発行人の部屋

    「想ひ」は貽(おく)られ、貽(のこ)される

発行人/小川剛

  「本」の出版、ほんたうに身近に感じられるやうになりました。お知り合ひのなかにも出版を経験された方が幾人かは居られるのではないでせうか。戦後20年を過ぎる昭和40年頃までは出版は一部のひとたちのものでしたので、それから想へば隔世の感がします。

  だれもが「こと」や「想ひ」を自分の外に向かって表せる、このことは過去に逆行させてはいけないとても大切なことと思ひます。

個人・自主出版が担ふものはこれからもますます大きくなるでせうし、自費・自主出版だからこそそれを押し進める力を持ってゐると思ひます。出版物は筆者がイメージされる以上に広がりを持つものだと、その都度教へられて来ました。

  いま、出版資料を取り寄せてみようかと思はれた時点で、筆者は出版工程の半ばを過ぎたところに立たれてゐます。不安よりかは期待のなかかもしれません。

  以下、ご参考に寄与するところがあれば幸甚です。

杉並けやき出版/小川  剛

2017/4/27

こんな二人で

竹さんは三人兄弟の長男で照さんは七人弟妹の長女。

活発なうへに天衣無縫な照さんは、村の奧いちばんはづれから、むかしの街道筋のちょっと開けた、と呼ばれてゐた隣村に、おおきなお結びをこっそり作ってひとり遠足をした。大きな田圃の秋の穫り入れ、その手伝ひも終はれば親たちも子どもらを解き放す。

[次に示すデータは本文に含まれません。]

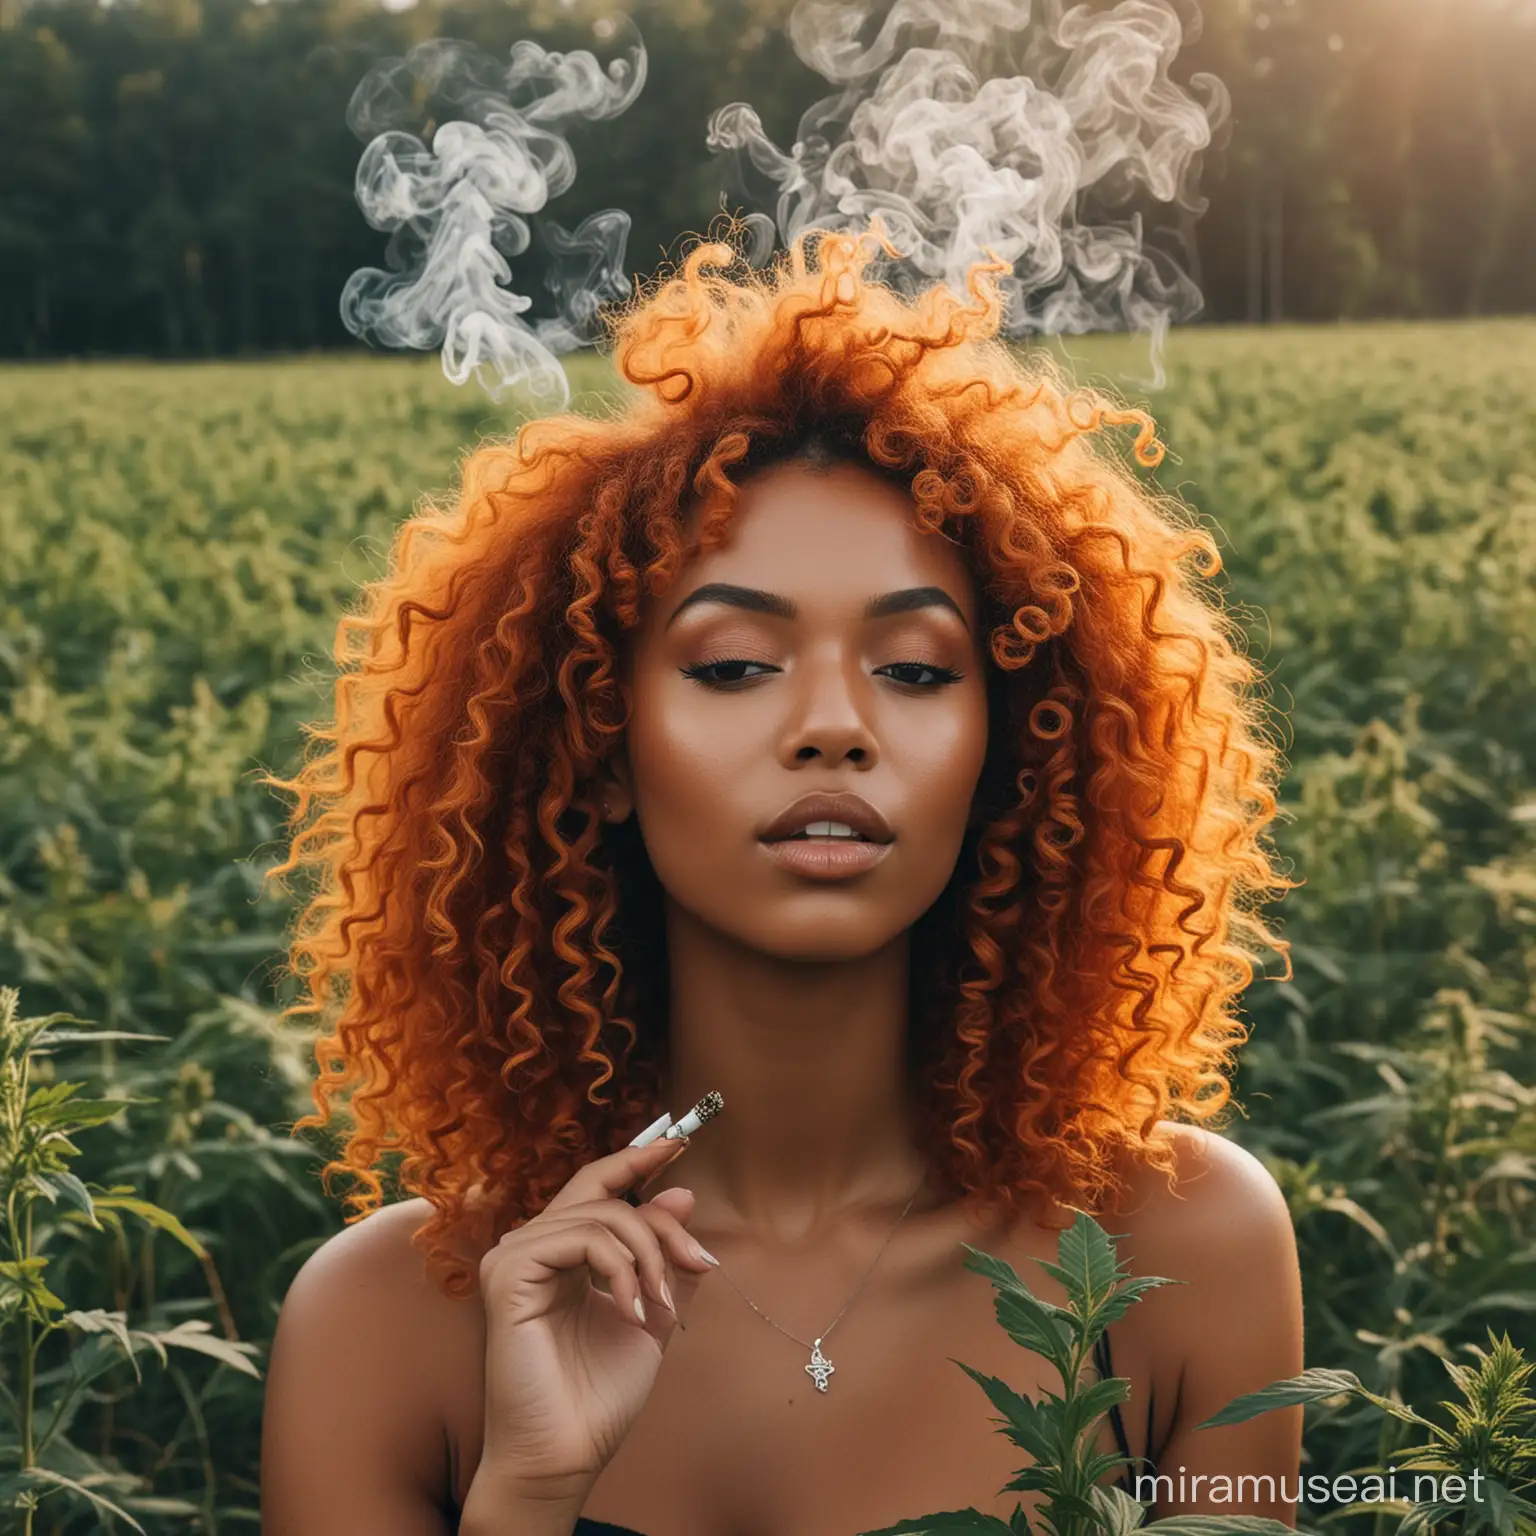 Sexy Black dark skin Woman with a bright ginger colored curl hairstyle smoking a joint in a field of cannabis, There is smoke around her.

隣り村には生菓子屋も本屋もあるらしい。お小遣ひも貰ったばかりだ。

立ち食ひも乙なもの、見られたって知る人もない。

天気は上々と出だした、が、商店の並び辺りに来たら急に雲行きがあやしくなりはじめた。と、見ると、家のなかからあわてて飛び出してきた男のひとが、空を仰ぎ、立てかけてあった板を取込みはじめた。こんな格好をして男のひとを見てゐるのを見られちゃいやだ、と立木の陰にかくれた。でも、あの板は何んにする板なんだろ、あの人は何をしてる人なんだろ。そっと、しかし、しっかりみつめた。トキトキと胸が高鳴った。どうして? 脚が動かない。けど、何をしてるのか見なければと、さう思ってしまった。軒先を歩くふりして覗いてみると、実家にあるやうな桐簞笥の引き出しを出し入れしてゐる。

もういいもう充分だ。外に用事もっともっと、あったやうだが、それもどうでもいい。帰らなくちゃ。

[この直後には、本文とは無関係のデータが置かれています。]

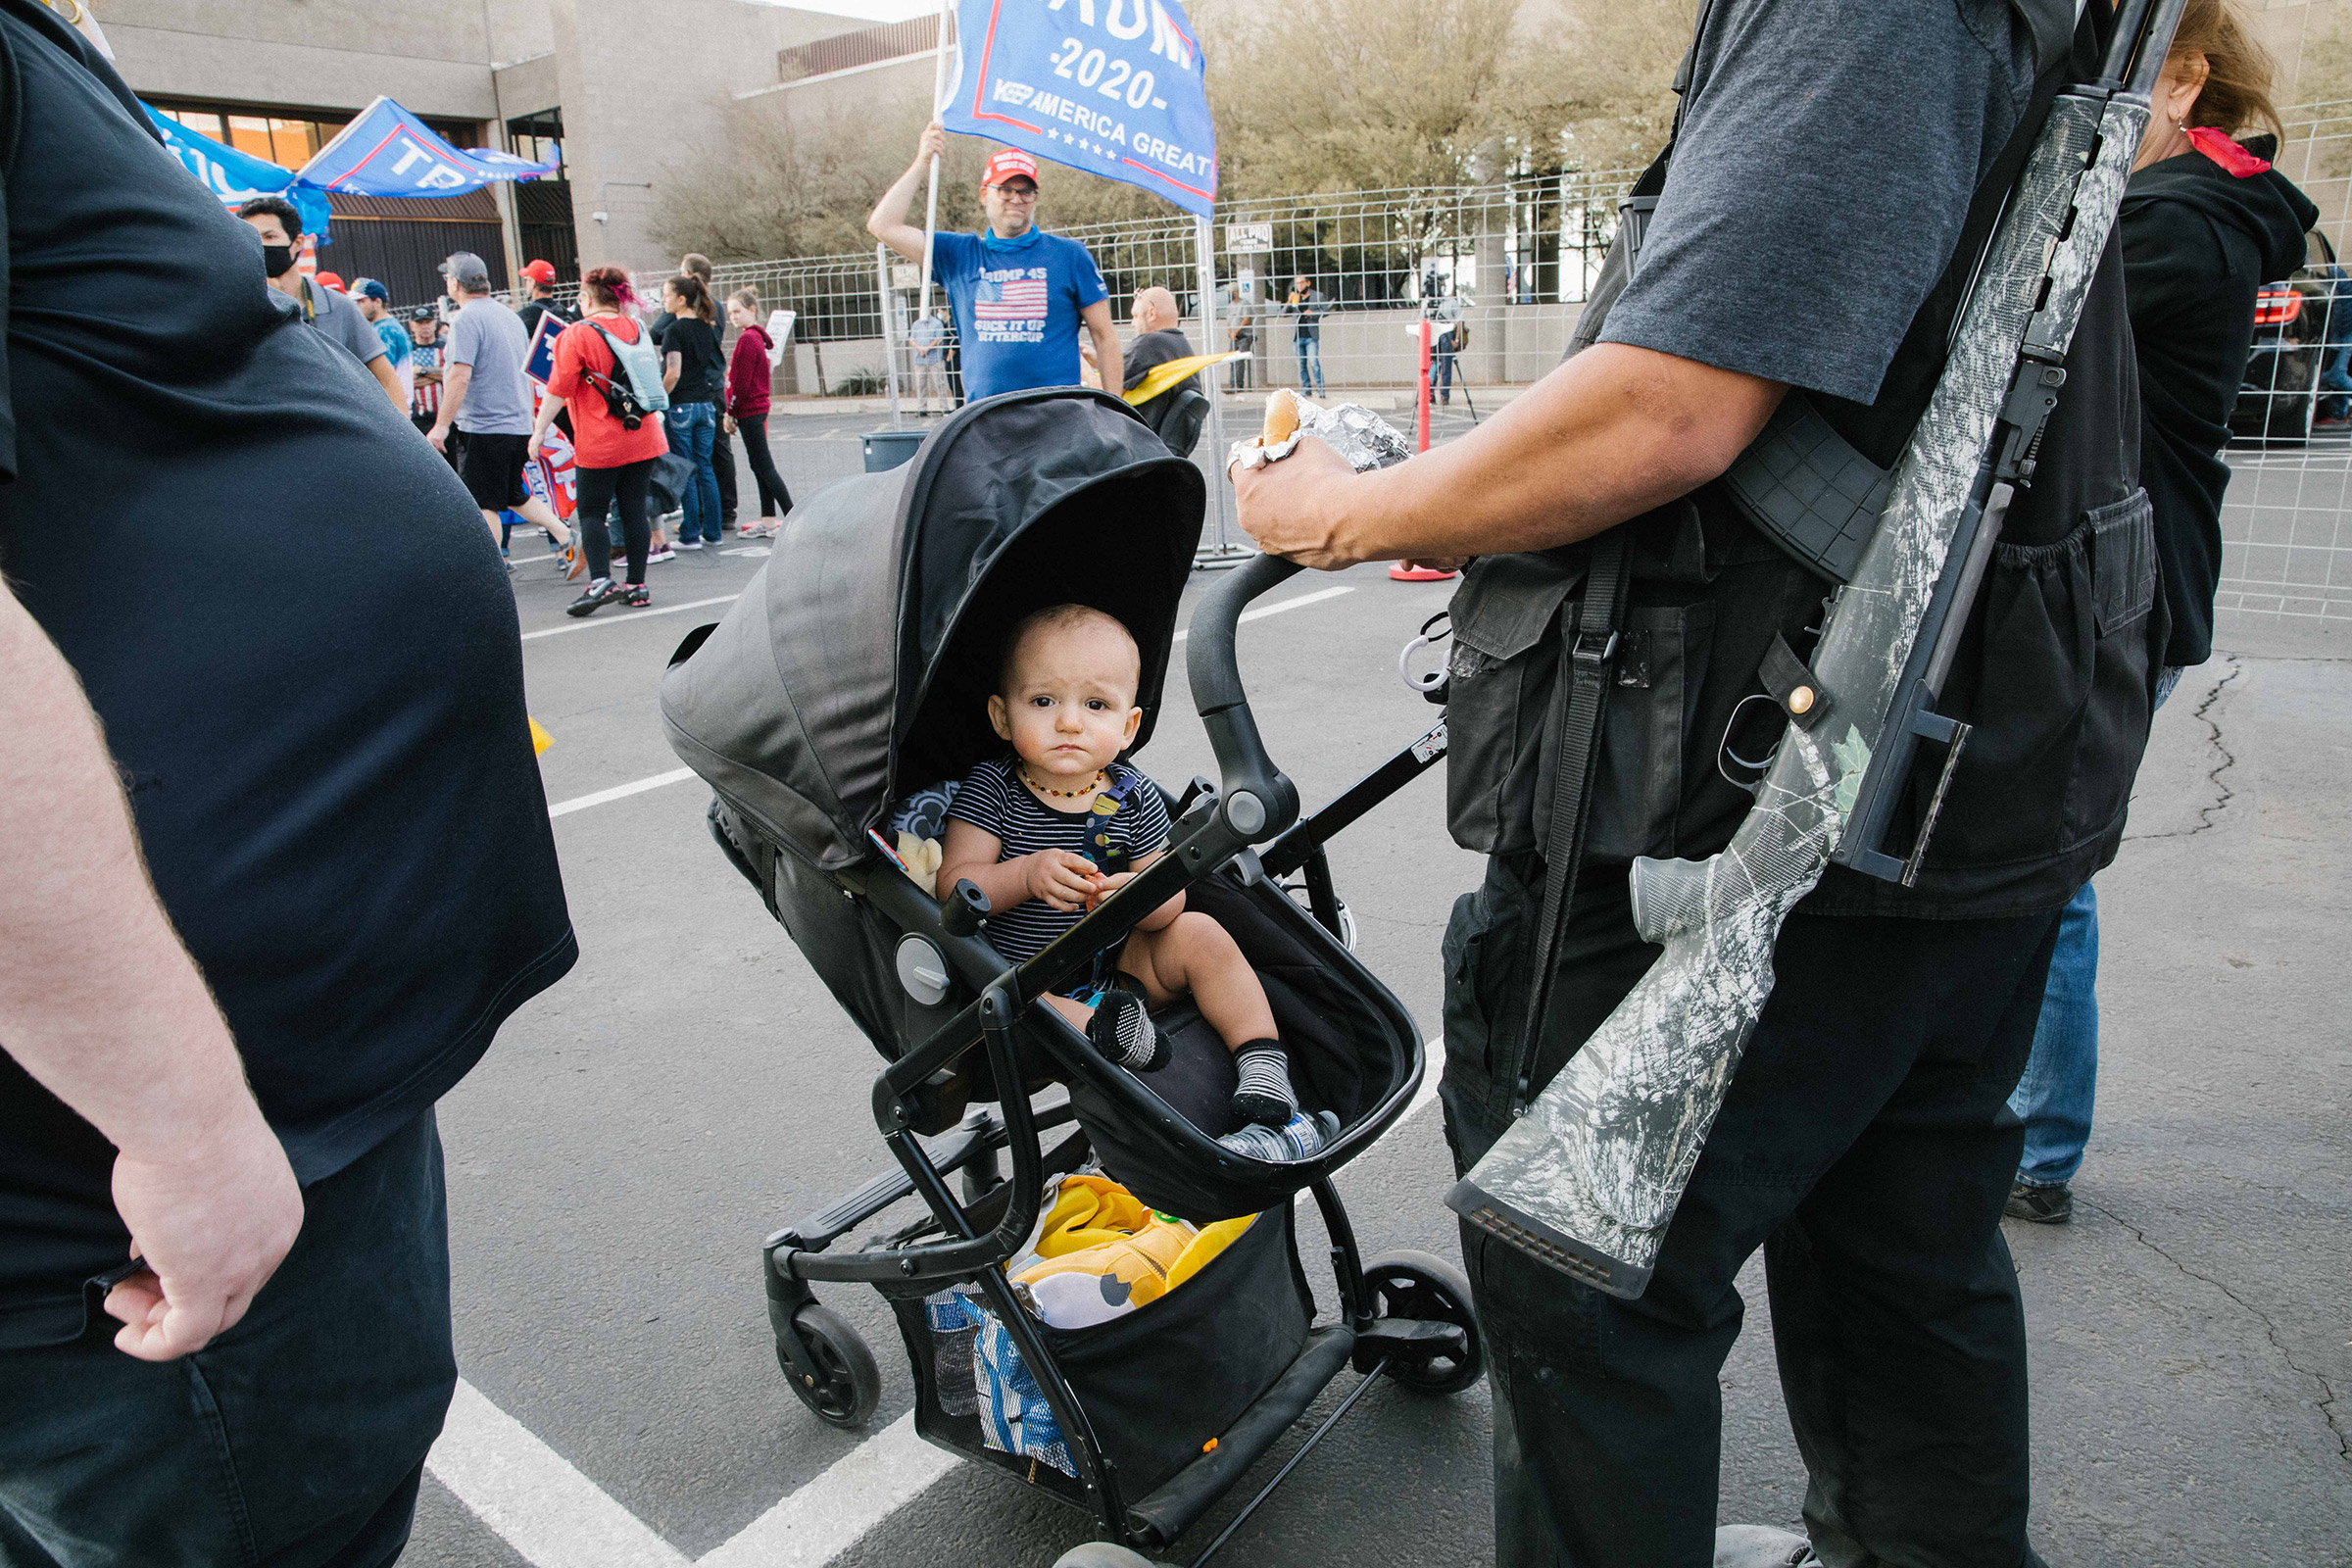 A baby and a gun at the Maricopa County Elections office in Phoenix, AZ on November 7, 2020

幸ひ通る人はゐない。ふわふわした気持ちが、それでも見つけられないやうに、走った。どう家に帰り着いたのか思ひだせない。

ある日、両親に手をついた。
「父ちゃん母ちゃん、あの人のところにお嫁に行くことにする」

お嫁になんか行きさうにない娘の変化に親は二の句がなかった。母は言った。
「忘れるなよ、武士の子だ。慎ましさが一番。お互ひ尊敬し合ひつづける心をなくさないこと、金でこころを売るやうなことにならないやうに」

また父親は棚倉藩の郷士の子、村長選挙に金を使はなかったとかで敗れたばかり。
「ときには晴れやかなことがやって来るものだ。ありがたい」

両親は娘の安穏な生活を祈った。
「八幡様、家宝の甲冑一式を寄贈します。どうぞ若い二人を見守ってやってください」

その頃竹さんは、妻を亡くした父を残して、ふたたび横須賀の海軍工廠で艦船の内装仕事に駆り出されてゐた。徴用は前後合はせて足掛け三年にもなるが、その間一緒に寝起きした友が甲板で艦兵のリンチで虐殺されるといふ目に合った。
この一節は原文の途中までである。